A 5 mass % N-methylpyrrolidone (NMP) solution in which the obtained block copolymer was dissolved, that is, a polymerization stock solution was directly centrifuged with an inverter/compact high speed refrigerated centrifuge (model number 6930 with angle rotor RA-800, 25° C., 30 minutes, centrifugal force: 20,000 G) manufactured by Kubota Corporation Co., Ltd. Since the sedimented solid matter (cake) and the supernatant liquid (coating liquid) were neatly separated, the supernatant liquid was collected.
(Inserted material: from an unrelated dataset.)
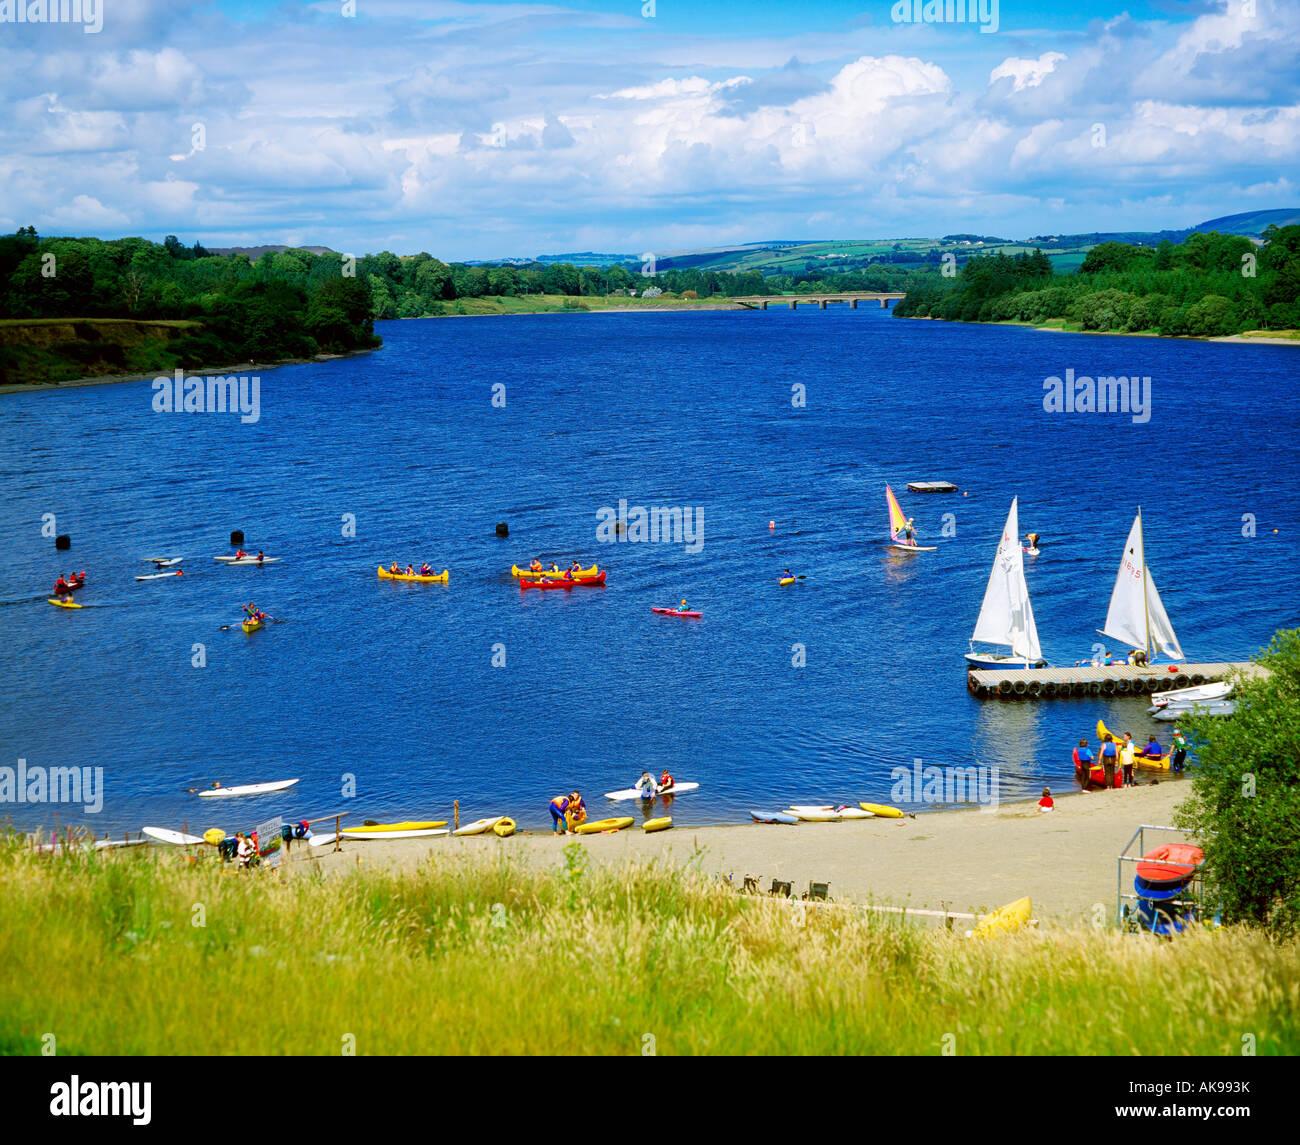 Blessington Lakes (Wicklow) - 2020 All You - TripAdvisor

Then, the liquid was distilled under reduced pressure at 80° C. with stirring, and pressure-filtered using a 1 μm polypropylene filter to give a polymer electrolyte solution A (polymer electrolyte concentration: 13 mass %). The polymer electrolyte solution A had a viscosity of 1,300 mPa·s.
[Polymer Electrolyte Solution B]
Polymer Electrolyte Solution Containing Polyarylene Block Copolymer Represented by the Following General Formula (G10)
To a mixture of 135.0 g (0.336 mol) of neopentyl 3-(2,5-dichlorobenzoyl)benzenesulfonate, 40.7 g (5.6 mmol) of the ionic group-free oligomer represented by the formula (G6) and synthesized in Synthesis Example 6, 6.71 g (16.8 mmol) of 2,5-dichloro-4′-(1-imidazolyl)benzophenone, 6.71 g (10.3 mmol) of bis(triphenylphosphine)nickel dichloride, 35.9 g (0.137 mol) of triphenylphosphine, 1.54 g (10.3 mmol) of sodium iodide, and 53.7 g (0.821 mol) of zinc, 540 mL of dried N,N-dimethylacetamide (DMAc) was added under nitrogen.
The reaction system was heated (finally warmed to 79° C.) with stirring and reacted for 3 hours. An increase in the viscosity of the system was observed during the reaction. The polymerization reaction solution was diluted with 730 mL of DMAc, stirred for 30 minutes, and filtered using Celite as a filter aid.
The filtrate was concentrated with an evaporator, 43.8 g (0.505 mol) of lithium bromide was added to the filtrate, and the resulting mixture was reacted at an internal temperature of 110° C. for 7 hours in a nitrogen atmosphere. After the reaction, the mixture was cooled to room temperature, poured into 4 L of acetone, and solidified. The solidified product was collected by filtration, air-dried, pulverized with a mixer, and washed with 1,500 mL of 1 N hydrochloric acid with stirring. After filtration, the product was washed with ion-exchanged water until the washing liquid came to have a pH of 5 or more, and then dried at 80° C. overnight to give 23.0 g of a target polyarylene block copolymer. The polyarylene block copolymer had a weight average molecular weight of 190,000 after the deprotection. The obtained polyarylene block copolymer was dissolved in an N-methyl-2-pyrrolidone/methanol=30/70 (mass %) organic solvent so that the resulting solution might have a concentration of 0.1 g/g to give a polymer electrolyte solution B. The polymer electrolyte solution B had a viscosity of 1,200 mPa·s.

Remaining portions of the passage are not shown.